Today's Burning Question: Does Mike Woodson need to help Steve Novak get easier looks and more involved in the offense?
Novak came right out of the gate firing, shooting 5-for-8 from beyond the arc in the Knicks' season opener against the Heat on Nov. 2.
But since that win, the sharpshooter has only made four 3-pointers in four games, including a bagel performance against the Sixers in the second game of a back-to-back.
So what's going on?
The most obvious reason is that Novak is no longer buried on the scouting reports any more. His name is now high up on the first page and in bold type. Even with the Knicks' effective ball movement, opposing teams have appeared to close out on Novak better, forcing him to take tougher shots and challenging him to put the ball on the floor. But he hasn't shown much yet of his new tools, including pump fakes and dribble pull-ups.
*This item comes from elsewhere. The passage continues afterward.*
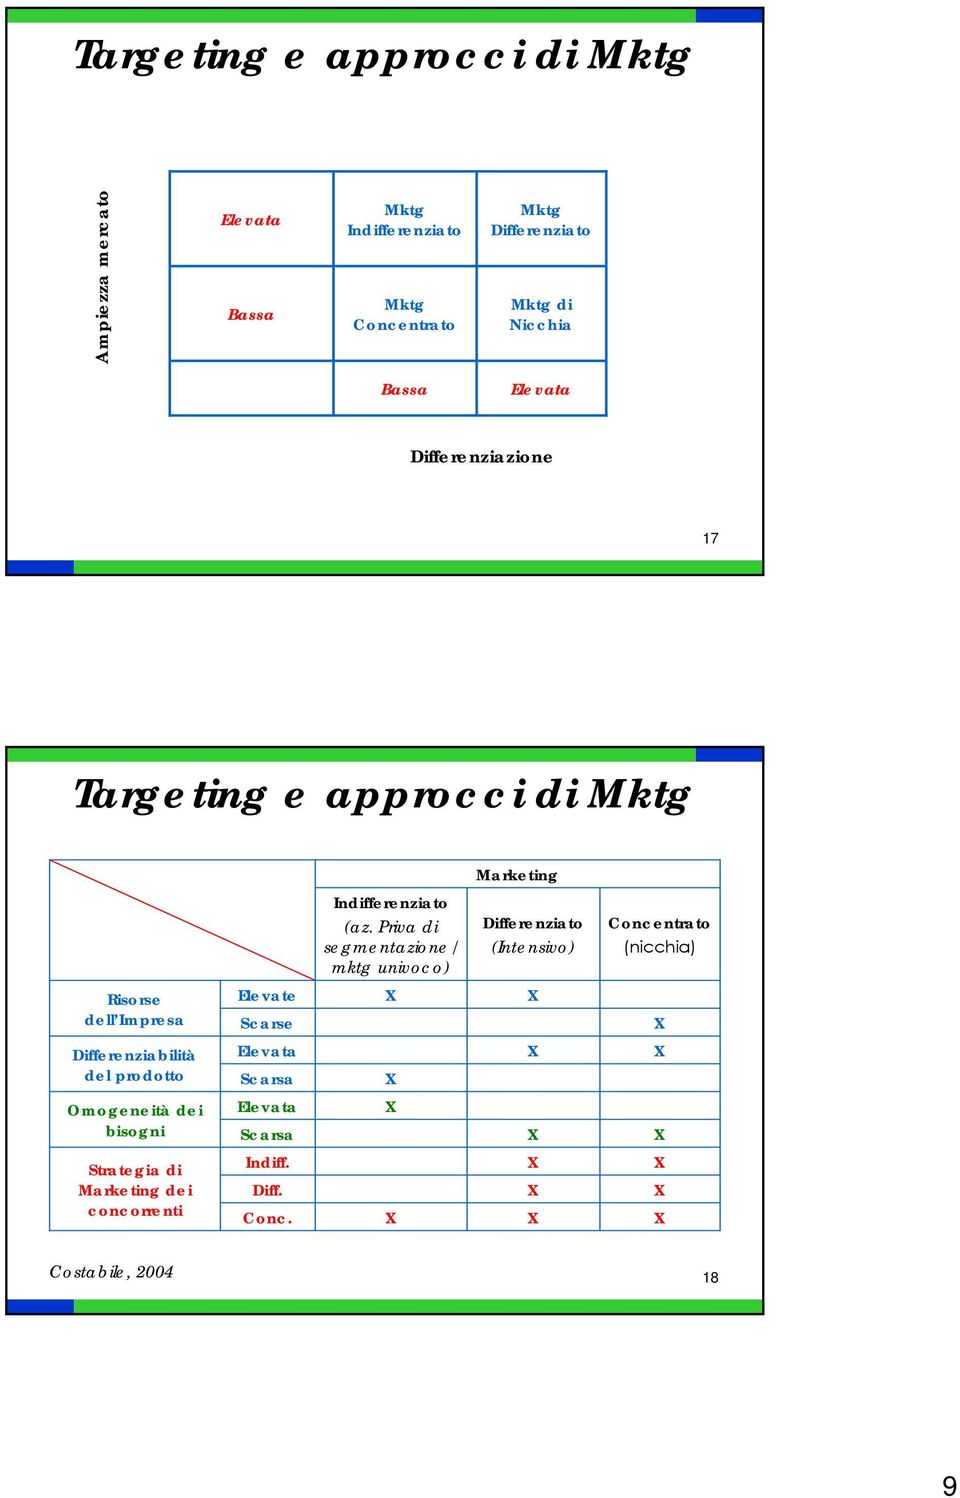 Priva di segmentazione/ mktg univoco) Differenziato (Intensivo) Concentrato (nicchia) Risorse dell Impresa Differenziabilità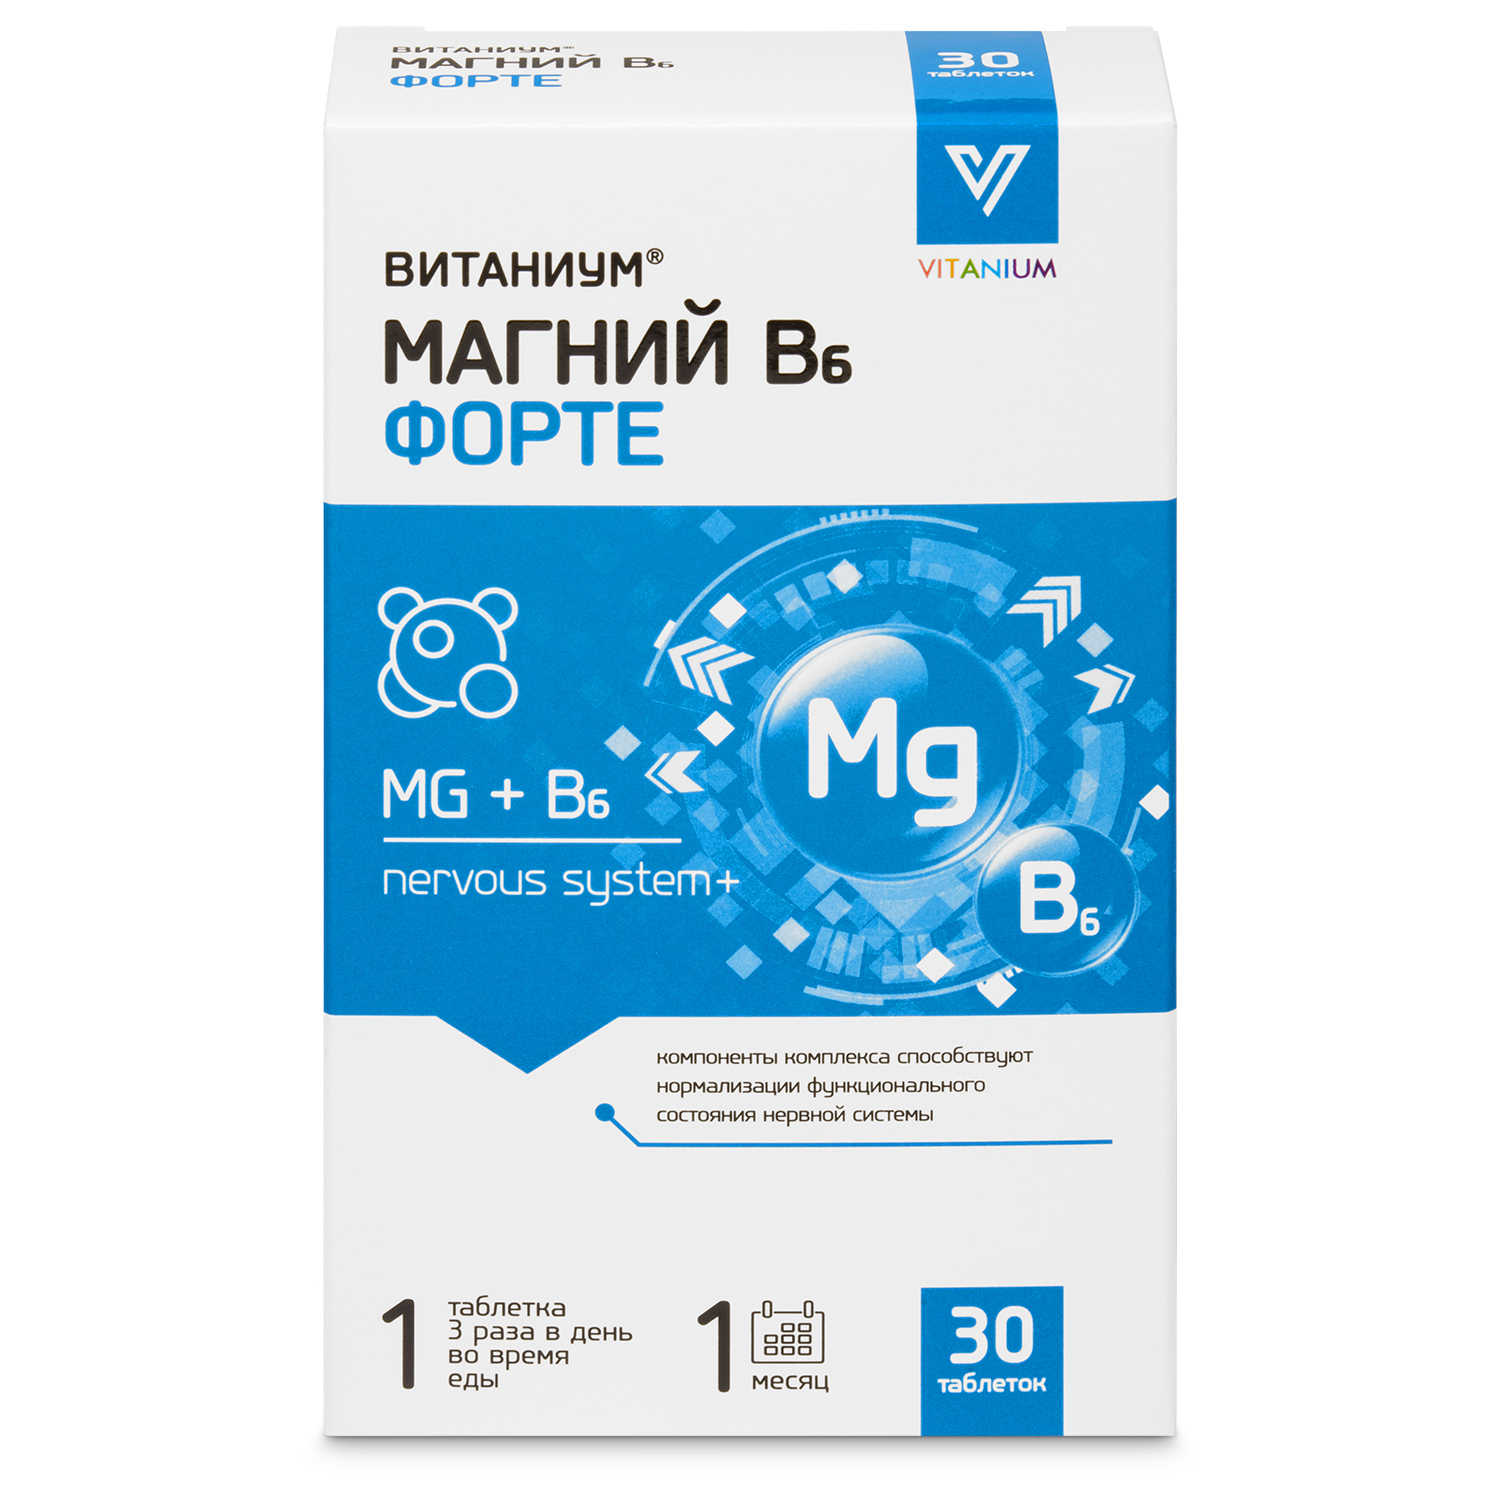 Магний В6 Витаниум Форте таблетки 1170 мг 30 шт.

From a team standpoint, Mike Woodson hasn't really been calling any pick-and-pops for Novak. The coach is focusing on Raymond Felton and Jason Kidd running the pick-and-roll with Tyson Chandler, and Carmelo Anthony receiving the pass in the low- or mid-post areas to go to work.
And because of Melo's high scoring rate closer to the basket -- he's averaging a league-high 26.8 points per game, mostly from points scored at the rim and from 10 to 15 feet -- he's not looking to feed his teammates as much through his playmaking (he's averaging a career-low 1.6 assists per game).
There have been times when the ball stalled a bit with Novak on the court -- for example, during the Magic game Tuesday night -- and that's because of two main factors: one, the point-guard backcourt of Felton and Kidd is usually broken up then; and two, J.R. Smith is a man on a tear, like Jamal Crawford is with the 6-2 Los Angeles Clippers. While Novak is the Knicks' most dangerous downtown threat, Smith has been red-hot with his own 3-point shooting (13-for-18; 72.2 percent).
The biggest issue that Novak faces compared to Smith is that he needs assistance getting open. But Woodson's not having Novak run off down screens and things of that matter like a shooter who also has midrange ability. Novak can work off curls, but he's being used as mostly a stationary gunner from the baseline corner, especially because the focal points in the offense are the pick-and-roll, Anthony's post-ups and Smith's scoring.
Of course, it's obviously early in the season, and the Knicks are playing well doing what they're doing. But if Novak continues his dismal streak, don't be surprised if Woodson backtracks to what he said several times last season, "I need to do a better job of helping Steve."
That starts now. Woodson can't afford to have Novak disappear once again in the playoffs, especially as the team is poised to make a deeper run.